Directions for this task
Everything in the data must be repeated exactly, apart from the pictures, which are left out.

Collected data
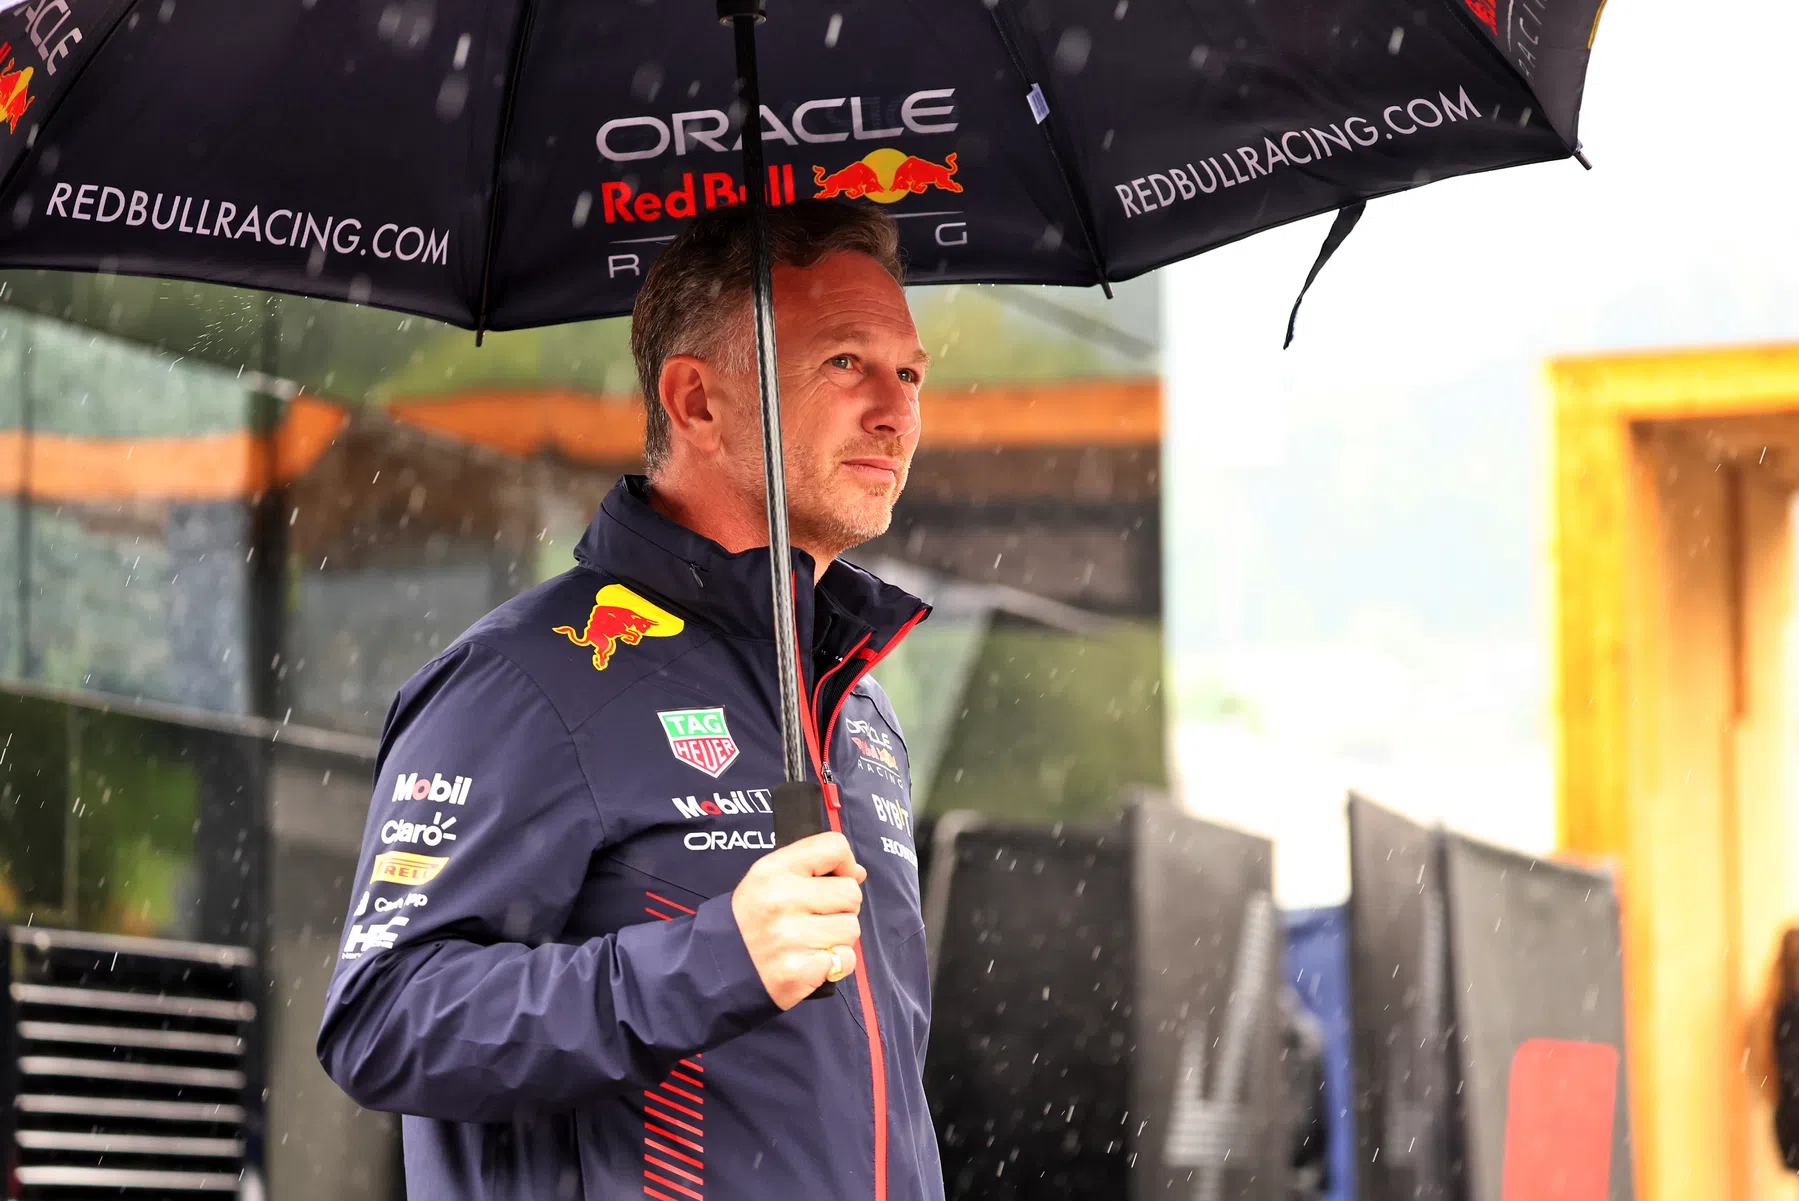 Old fashioned to think of power struggle at Red Bull Racing
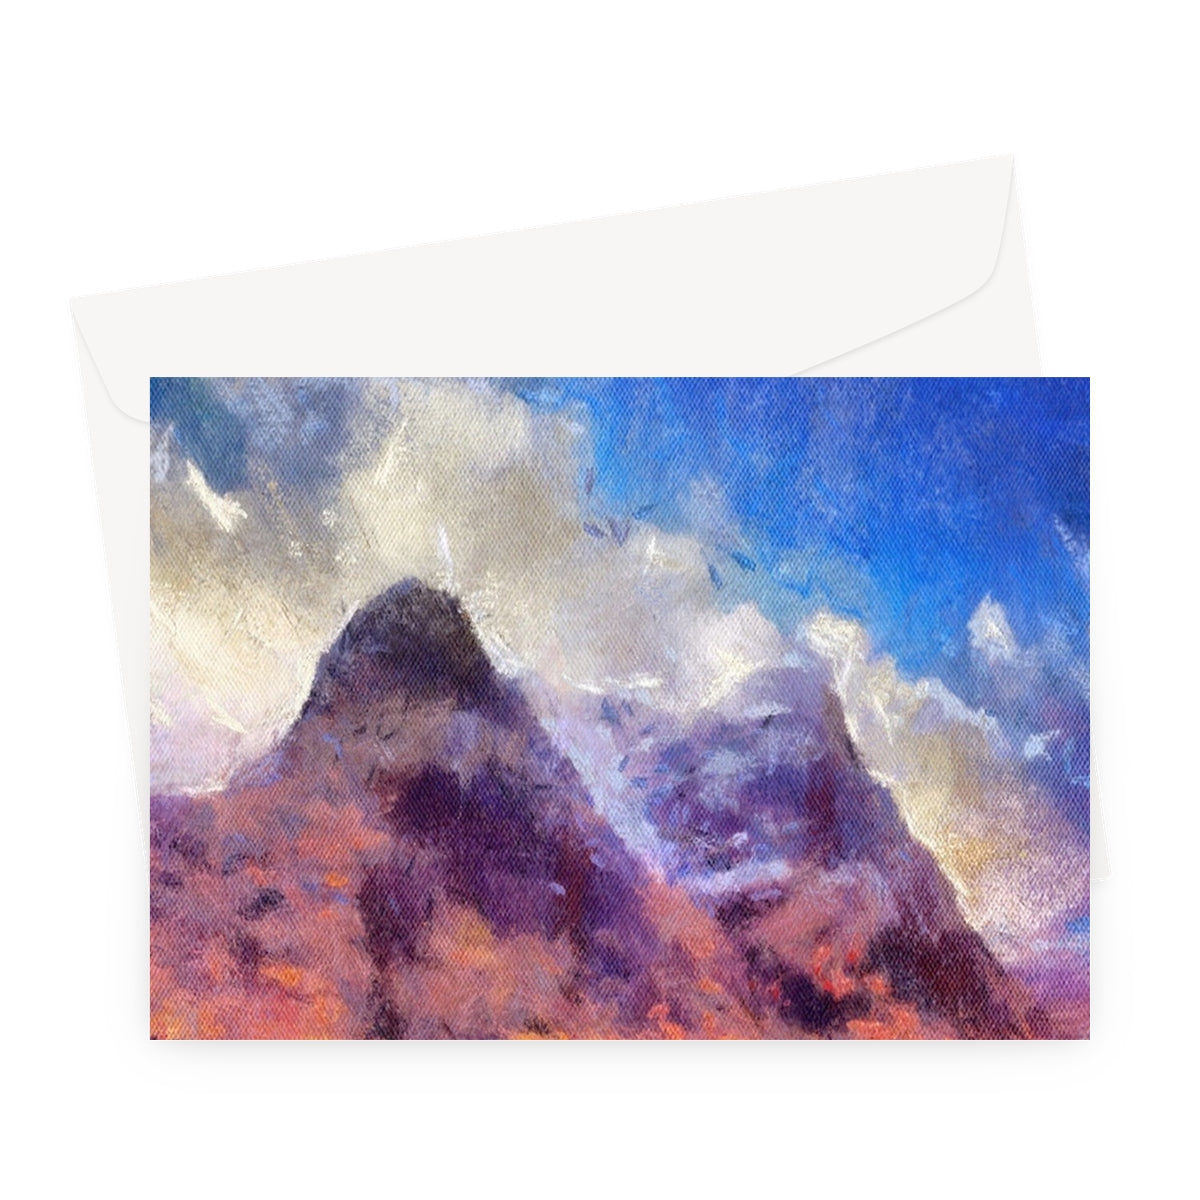 Glencoe Art Gifts Greeting Card-Greetings Cards-Glencoe Art Gallery-A5 Landscape-1 Card-Paintings, Prints, Homeware, Art Gifts From Scotland By Scottish Artist Kevin Hunter
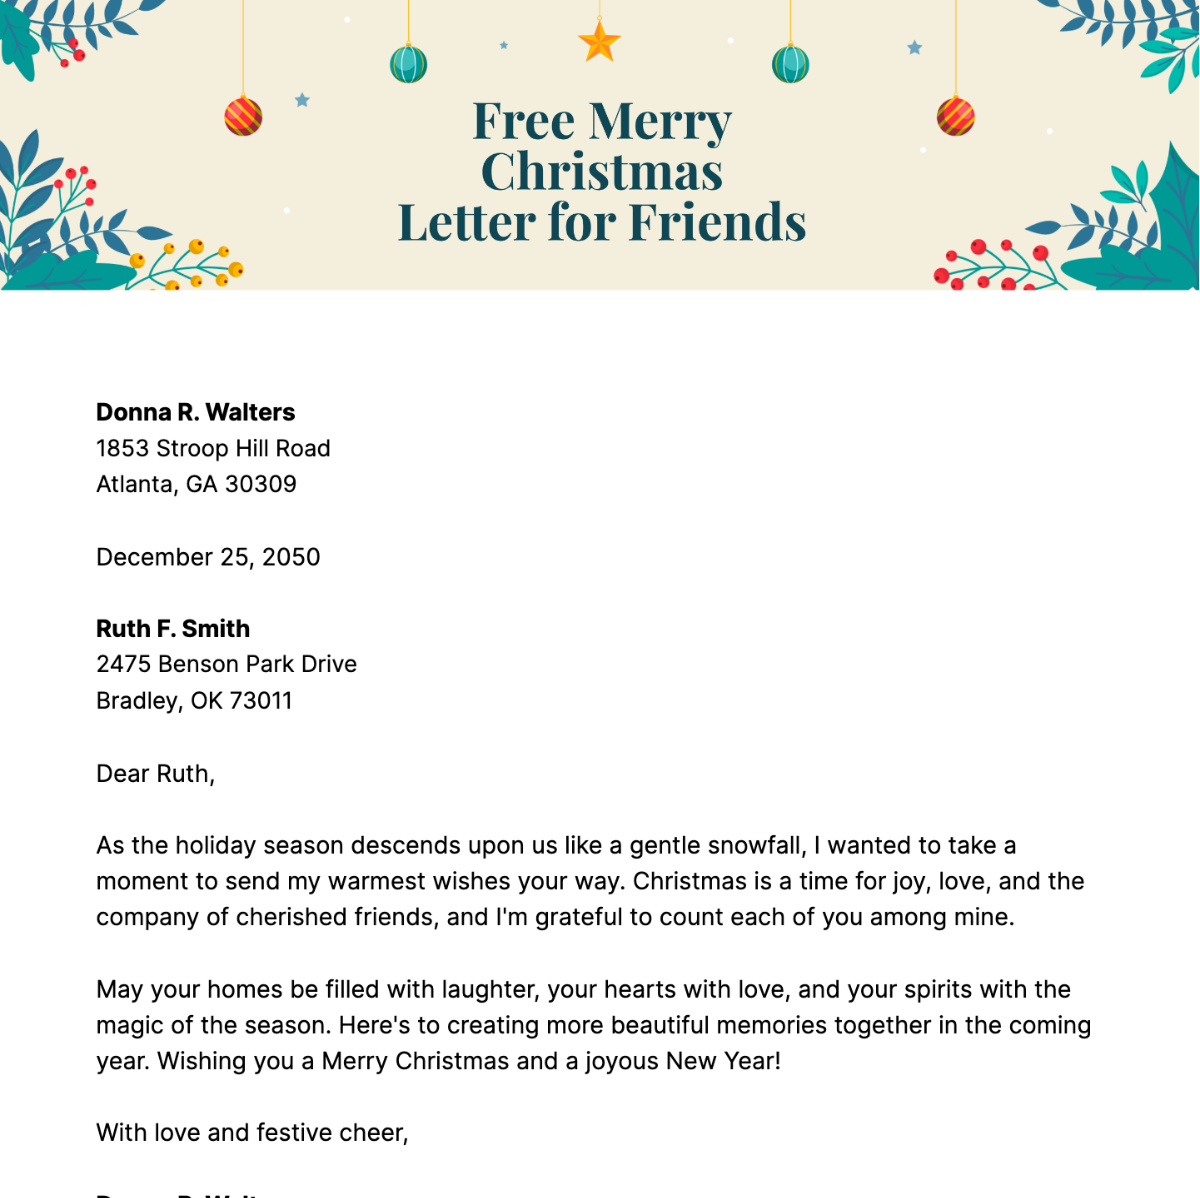 Merry Christmas Letter for Friends Template

Exercise result
 Old fashioned to think of power struggle at Red Bull Racing
 Glencoe Art Gifts Greeting Card-Greetings Cards-Glencoe Art Gallery-A5 Landscape-1 Card-Paintings, Prints, Homeware, Art Gifts From Scotland By Scottish Artist Kevin Hunter
 Merry Christmas Letter for Friends Template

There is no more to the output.